1.2 Item (iii). The legal nature of the competent authority will depend on the national system of a given Member State. The definition has been drafted broadly in order to accommodate all systems that exist in Member States.
1.3 Item (iv). Business identifiers are signs which identify businesses as such, and not the products or services offered by the business, the latter feature constituting a pure trademark function. Signs that may constitute business identifiers are, for example, trade names, business symbols, emblems or logos. Some confusion as regards the functions of marks and business identifiers stems from the fact that, sometimes, the name of a company, i.e., its business identifier, is identical with one of the companys trademarks.
1.4 Item (v). Internet domain names can be described as user-friendly substitutes for numerical Internet addresses. A numerical Internet address (also referred to as Internet Protocol address or IP address) is a numeric code which enables identification of a given computer connected to the Internet. The domain name is a mnemonic substitute for such an address which, if typed into the computer, is automatically converted into the numeric address.
2.1 Paragraph (1)(a). The owner of a mark, who intends to prove that the mark is well known, has to produce information that may support such a claim. Paragraph (1)(a) requires that a competent authority take into consideration any circumstances that are put forward in order to show that a mark is well known.
2.2 Paragraph 1(b). By way of example, paragraph (1)(b) lists a number of criteria which, if submitted, must be considered by a competent authority. An authority is not allowed to insist on the presentation of any particular criteria; the choice as to what information is forwarded is left to the party requesting protection.

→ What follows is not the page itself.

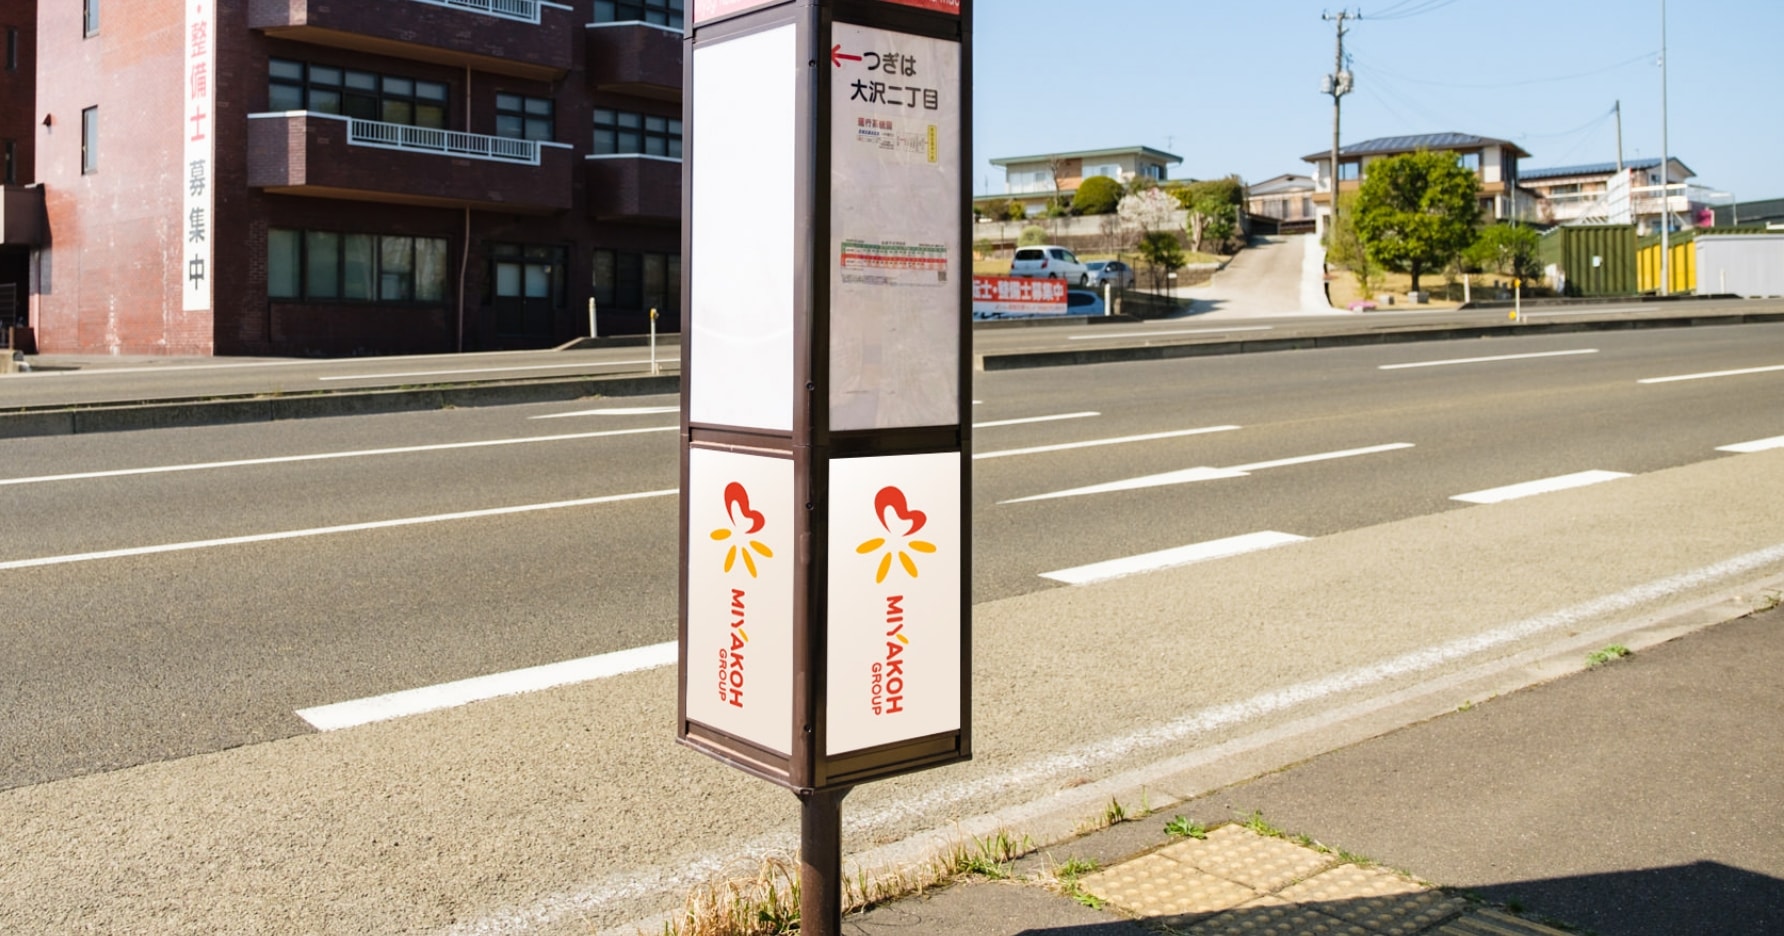 バス停広告イメージ

The non-fulfillment of any particular criterion cannot in itself lead to the conclusion that a given mark is not well known.
2.3 No. 1. The degree of knowledge or recognition of a mark can be determined through consumer surveys and opinion polls. The point under consideration recognizes such methods, without setting any standards for methods to be used or quantitative results to be obtained.
2.4 No. 2. The duration, extent and geographical area of any use of the mark are highly relevant indicators as to the determination whether or not a mark is well known by the relevant sector of the public. Attention is drawn to Article 2(3)(a)(i), providing that actual use of a mark in the State in which it is to be protected as a well-known mark cannot be required. However, use of the mark in neighboring territories, in territories in which the same language or languages are spoken, in territories which are covered by the same media (television or printed press) or in territories which have close trade relations may be relevant for establishing the knowledge of that mark in a given State.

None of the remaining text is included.